You can all have Female Trouble this coming Friday, November 11th as our friends at Meltdown Comics kick off their latest exhibit, Pretty? Pretty? A Divine Art Show -- a tribute to the one-and-only John Waters ingenue!
That's a sneak peek of one of Johnny Ryan's pieces above, and as he mentions on his blog, the other "is a 'mixed media' piece [he] can’t reveal just yet." (Mike Baehr to me, "I hope it's Johnny in drag!")
The opening reception for Pretty? Pretty? A Divine Art Show is from 8:00 - 11:00 PM, featuring a live DJ, free booze, drag’s finest performers and more special Divine-themed surprises. The exhibit runs through November 17th at Meltdown Comics [ 7522 Sunset Boulevard, Los Angeles ].
A fan named Ross Adams went and got himself a tattoo of the Caligulon symbol from Johnny Ryan's Prison Pit Book 3, and then Johnny went and tweeted about it. No word as to whether Adams can now shoot destructive/transfigurative rays from his shin.

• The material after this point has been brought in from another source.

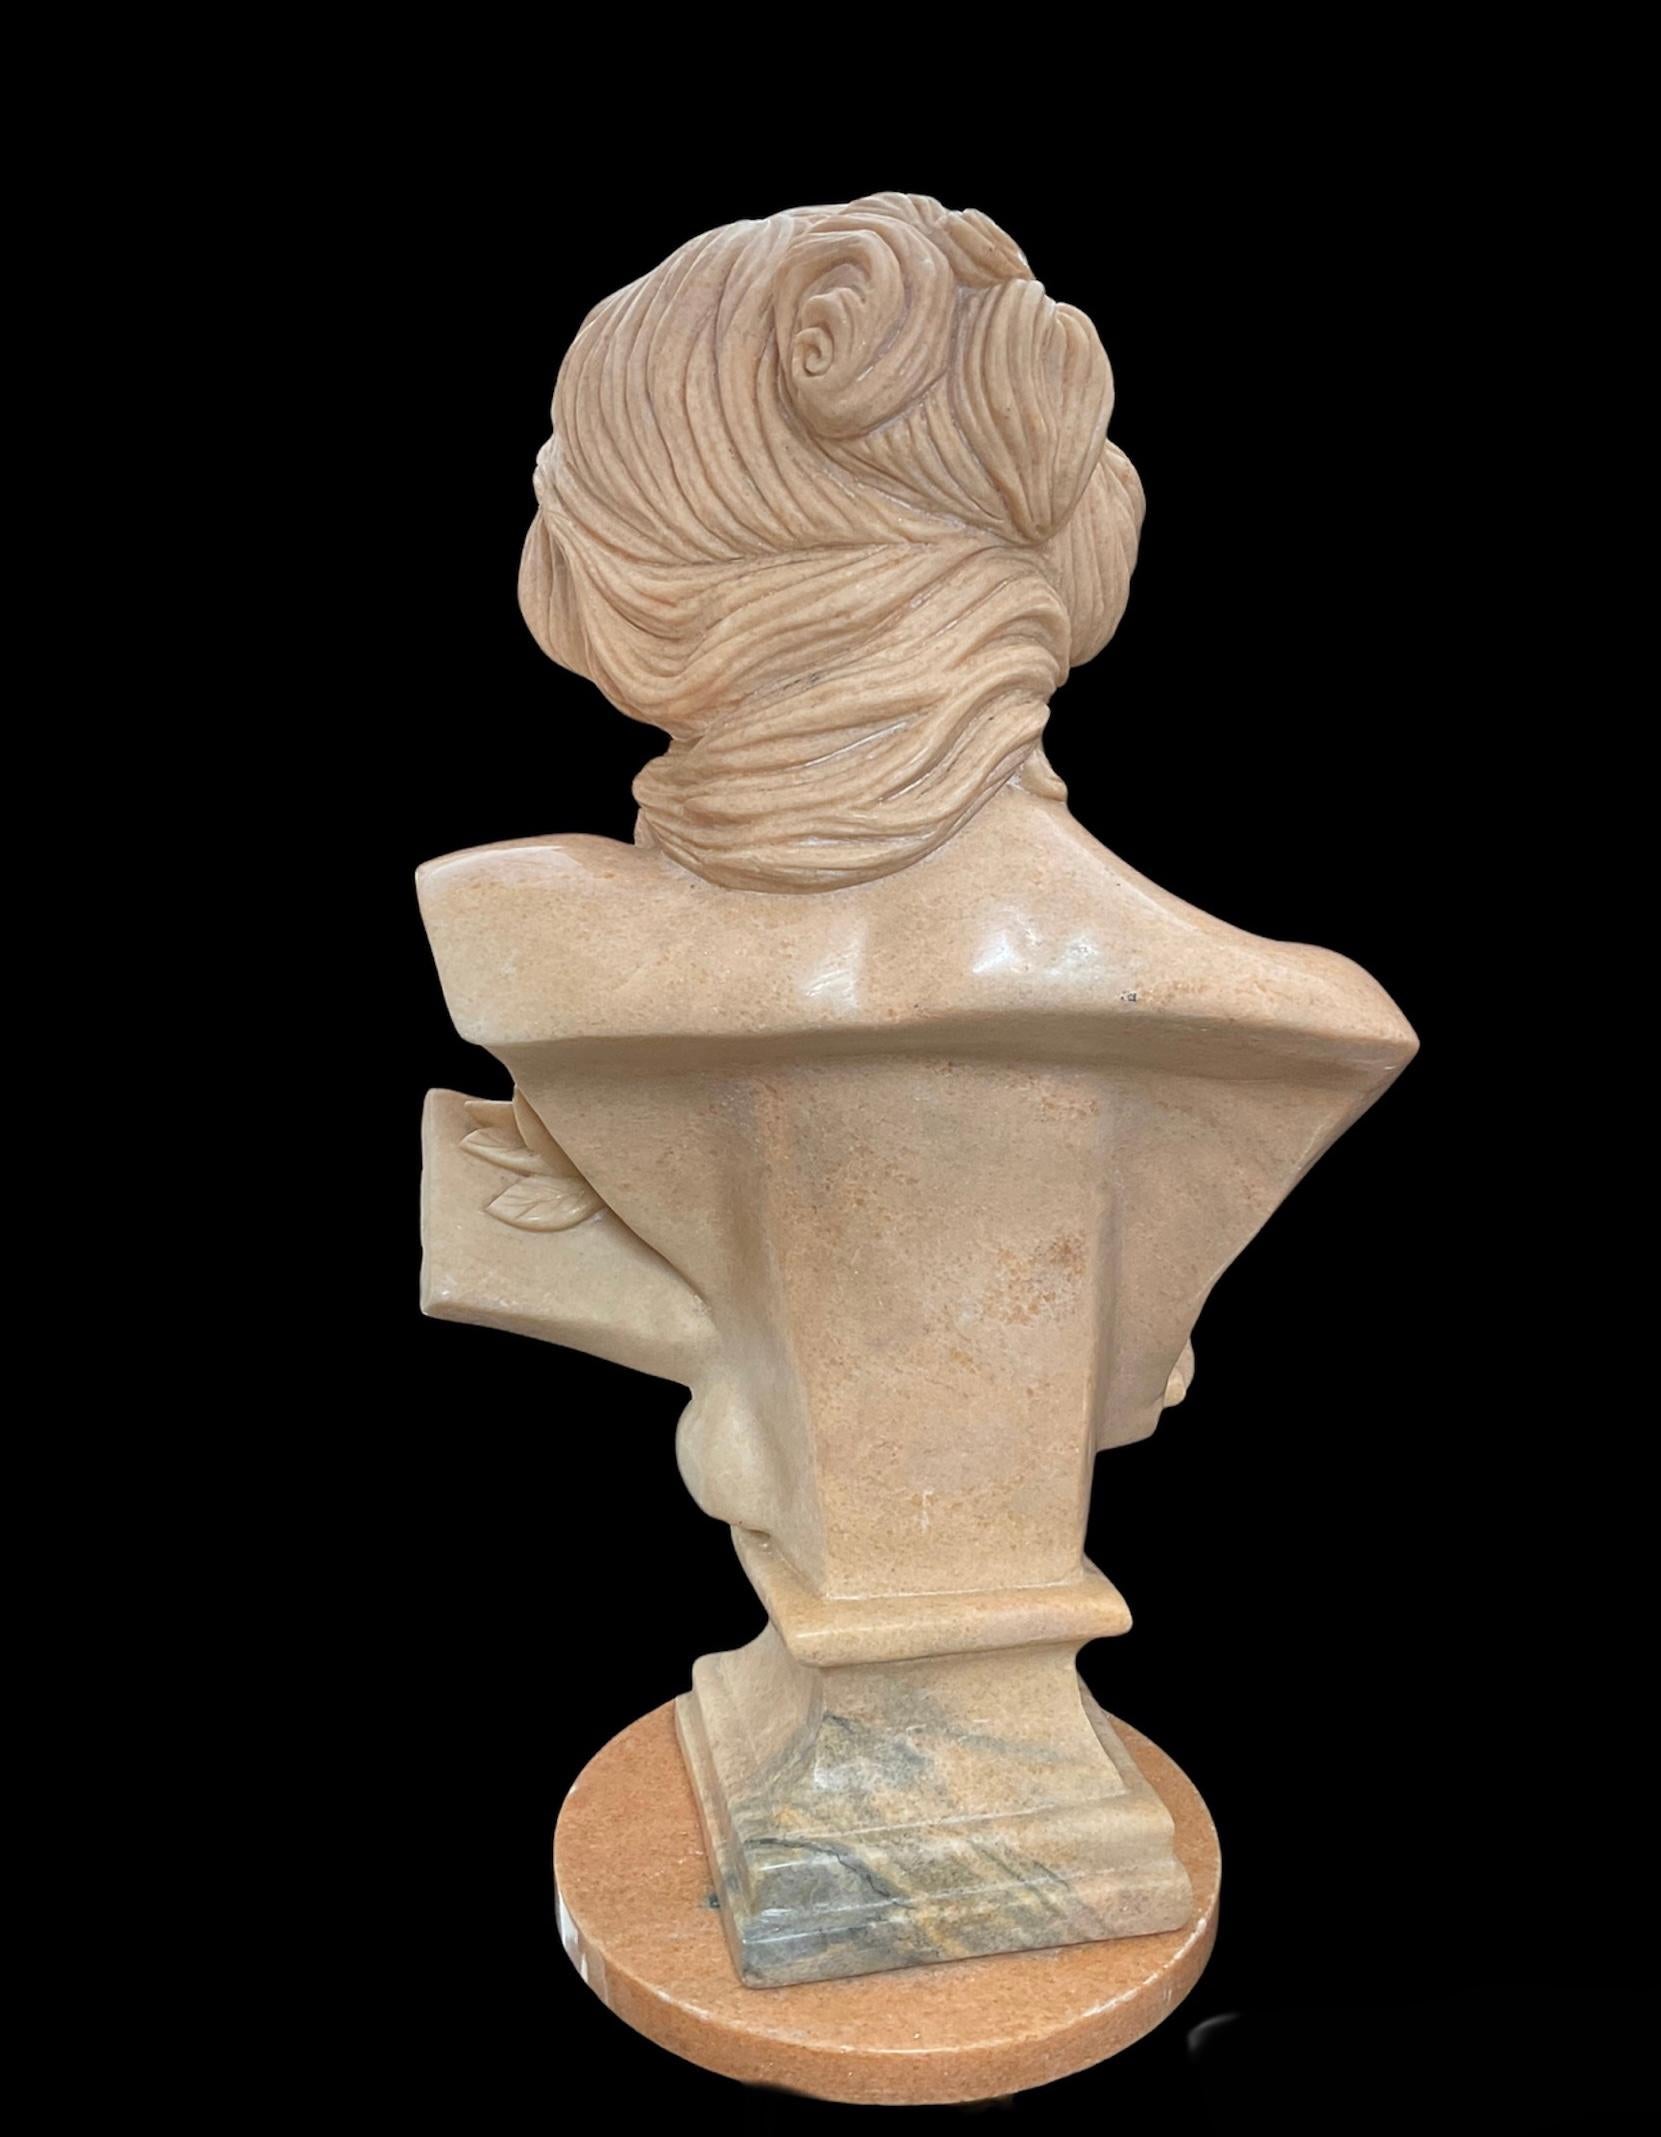 Il s'agit d'un grand buste en marbre beige rosé représentant une déesse de la musique moderne. Elle a une abondante chevelure ondulée disposée sur le côté. Sa tête est inclinée du même côté que les cheveux et elle regarde vers le bas avec un regard

• Tim Lane's poster for the St. Louis International Film Festival (along with its conceptual inspiration)
• Steven Weissman and Jordan Crane are putting together an elementary school haunted house for some LUCKY KIDS and here's Steven's flyer for it with Jordan's logo for the school (from Steven via email); also from Steven, his latest "I, Anonymous" spot and Stincker sketchin'
• A fun Dave Cooper gig poster for his friend's band (via Facebook)

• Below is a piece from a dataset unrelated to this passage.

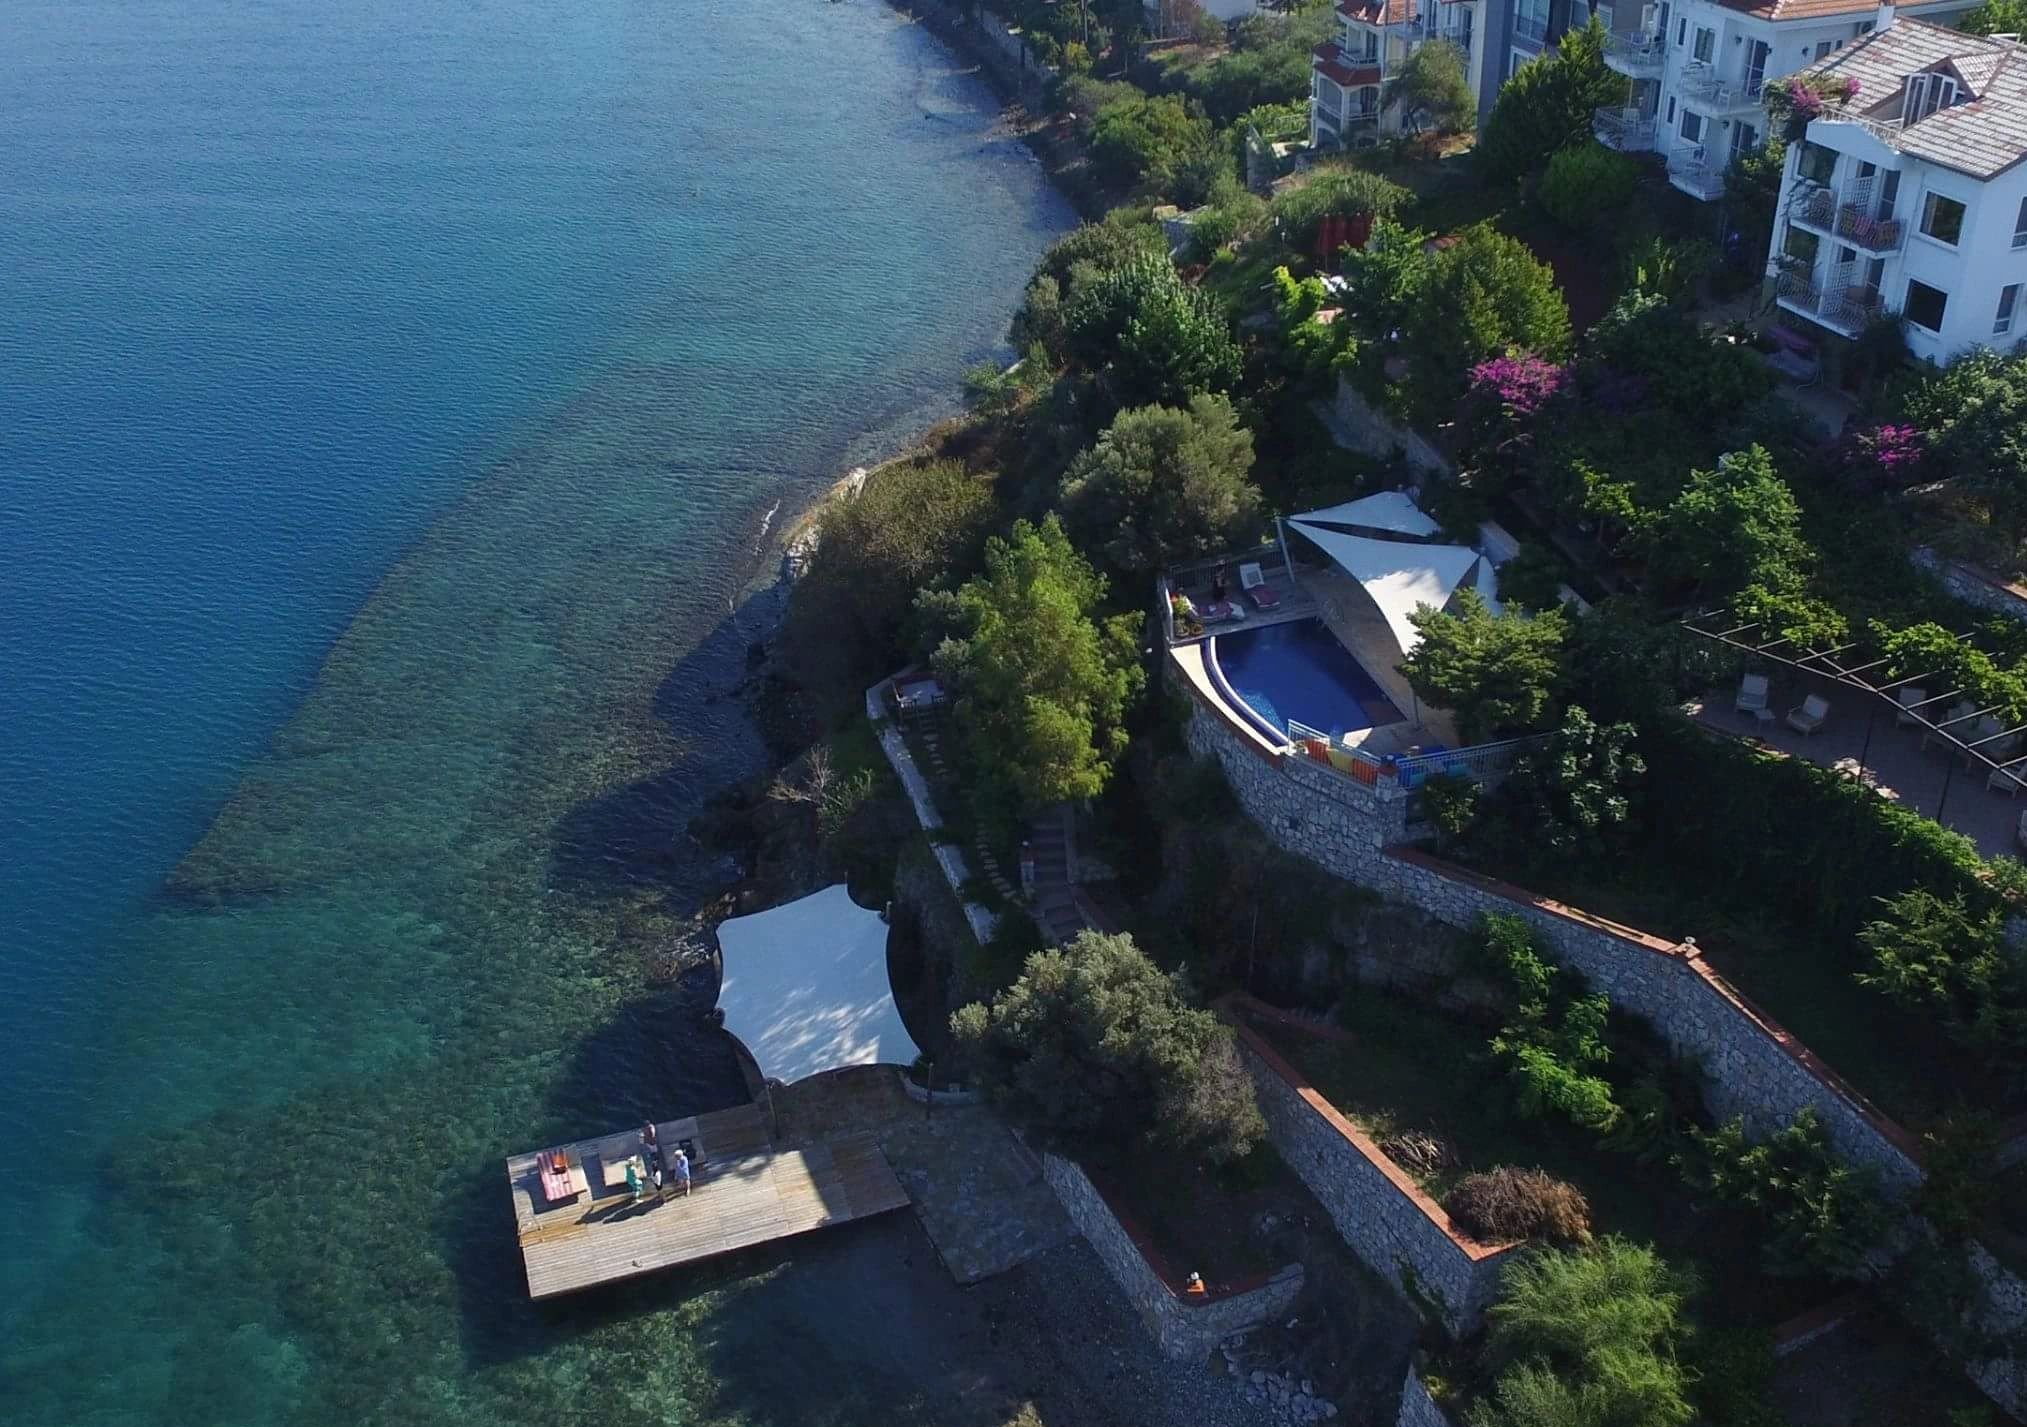 Ece Butik Otel Fethiye Şövalye Adası 'nda 1994 yılından beri hizmet veren bir ada oteli.

• Review: "This is hugely imaginative, exultantly silly, gag-a-minute writing that manages to comment on the popular culture of the last century while willfully wallowing in it — Python with a wry dose of Pynchon.... Were you, dear reader, to ask me if the brevity of [Mark Twain's Autobiography 1910-2010]'s chronologically arranged but narratively stand-alone chapters made it an ideal book for bathroom reading, I would call you a coarse, disgusting pig-person, demand that you leave my office, and wipe down the chair you'd been sitting in. ... But, yes." – Glen Weldon, NPR Monkey See
• Interview:SF Weekly's Casey Burchby, who says "Drawing inspiration from Mad among other influences, Kupperman's brand of humor is punchy and ridiculous... Like the best satire, it reflects a vision of our world that is simultaneously accurate and abstracted. Kupperman's new book, Mark Twain's Autobiography 1910 - 2010, comes from the same comedic source," talks to Michael Kupperman: "Some of my comedic influences are deliberately funny, others are not. The unwittingly bad, the pompously ineffectual, the flimsily maudlin -- these are all genres I warm to. The Sunday comics page on 9/11 this year was a good example. Like it does anyone any good to see Hagar and Momma weeping."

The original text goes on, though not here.